Police Use iPhone Fingerprint Scanner to Access Suspect's Mobile Data

Today's topics include a California court case involving police gaining access to a suspect's personal data through the iPhone's fingerprint scanner, Apple's announcement that is will overhaul Apple Music to better meet customers' expectations, reports that neuroroboticist Yoky Matsuoka will join Apple's health care team and new research from SophosLabs that suggests hackers are exploiting old, unpatched software flaws.

A 29-year-old California woman with multiple criminal convictions recently had her fingerprint taken by the FBI so that the agency could access the data on her iPhone as part of an investigation.

Such incidents are relatively rare today, but they could become more prevalent in the future as law enforcement authorities look to use smartphone data to solve criminal cases and gather information on suspects.

In the California case, police seized the iPhone of Paytsar Bkhchadzhyan in a raid. The FBI secured a court order to compel the woman to allow them to take her fingerprint just after she pleaded no contest to a felony count of identity theft. Soon after, an FBI agent took her fingerprint, giving the agency access to the data on her iPhone.

When Apple Music launched in June 2015, the company thought it had a winning offering that would rise to the top of a growing streaming music market and convince millions of users to sign up for its $9.99-a-month service.

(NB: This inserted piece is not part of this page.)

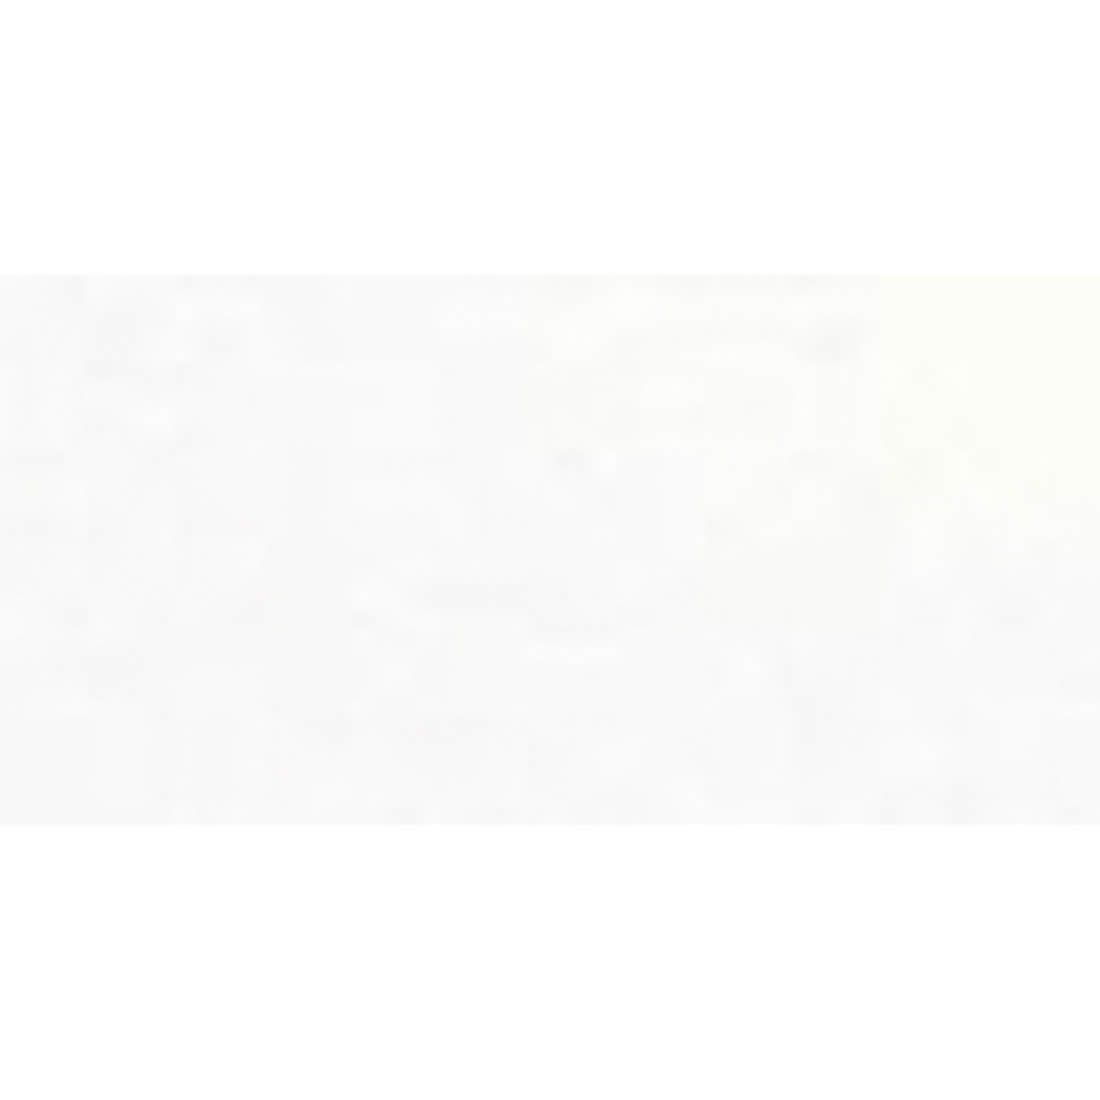 Porcelanato Portinari 29,1 x 58,4 White Plain Lux Ref 55361

But while more than 10 million users did sign up in the first six months, Apple Music still hasn't become the category-leading service the company intended.

With that in mind, Apple is apparently planning to redesign and update Apple Music with changes that are expected to be unveiled at the company's Worldwide Developers Conference scheduled for June 13-17 in San Francisco.

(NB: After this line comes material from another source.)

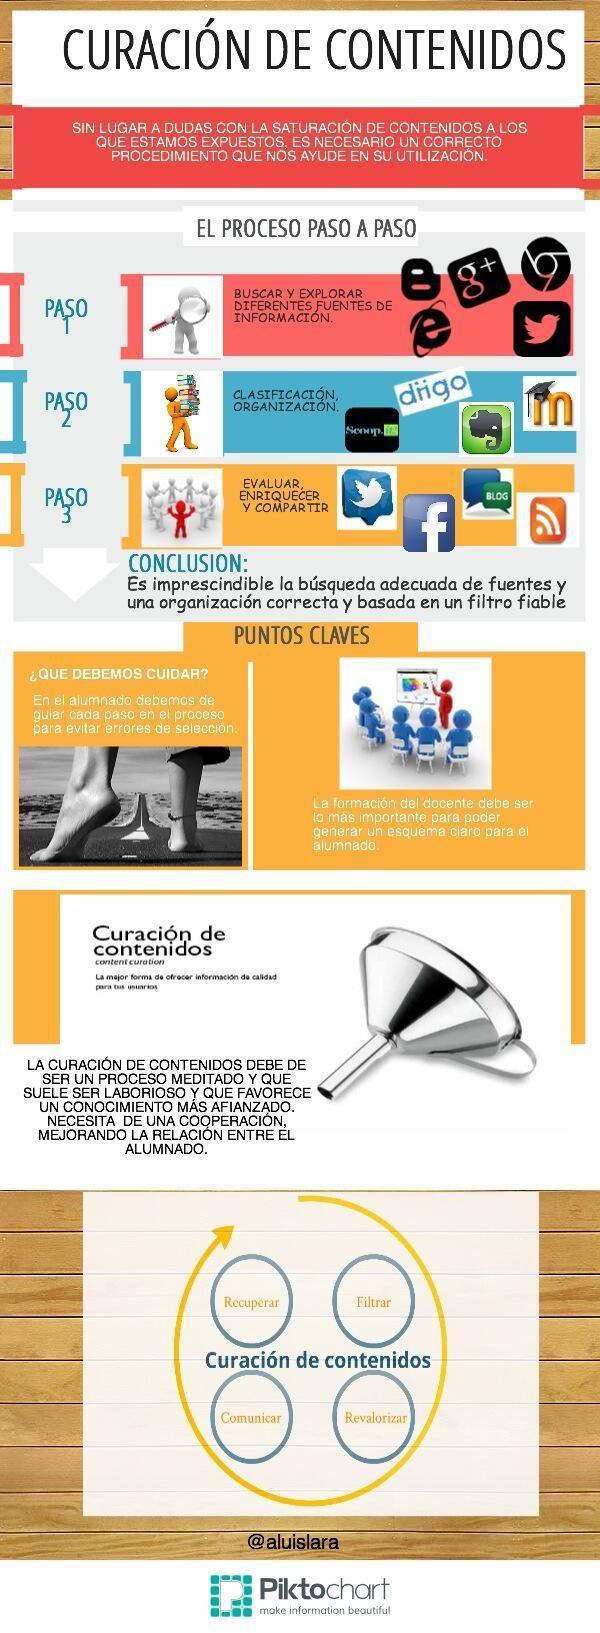 Curación de contenidos #infografia #infographic #marketing

The changes are in response to "tepid reviews" and the departures of several executives who had joined the company to reinvigorate Apple's music offerings, the story reported.

Apple has hired celebrated neuroroboticist Yoky Matsuoka to work on health-focused projects, according to a May 3 report from Fortune.

According to the report, she'll work directly with Apple Chief Operating Officer Jeff Williams, who oversees Apple's health care initiatives.

Among her many accomplishments, Matsuoka is known for being a force behind the success of Nest—a company she joined after co-founding the Google X research labs in 2009.

In 2007, at the age of 36, Matsuoka was the recipient of a MacArthur "genius" award for her work in neurorobotics and specifically how robotics can coordinate with the central nervous system and musculoskeletal action to enhance the mobility of people with disabilities.

New research published May 3 by SophosLabs reveals that even while attackers continue to design custom-tailored cyber-exploits, the inconvenient truth is that the most popular vulnerabilities are issues that were patched years ago.

Instead of just sending random emails, SophosLabs has found an increasing use of what it refers to as "Designer" cyber-threats. Going a step further, SophosLabs is seeing increased use of targeted attacks that are specifically localized for the victims.

That is, attackers are using specific types of malware depending on where victims are located. The idea of a targeted attack—spear phishing emails, in particular—is not a new one, though it has apparently undergone an evolution in recent months.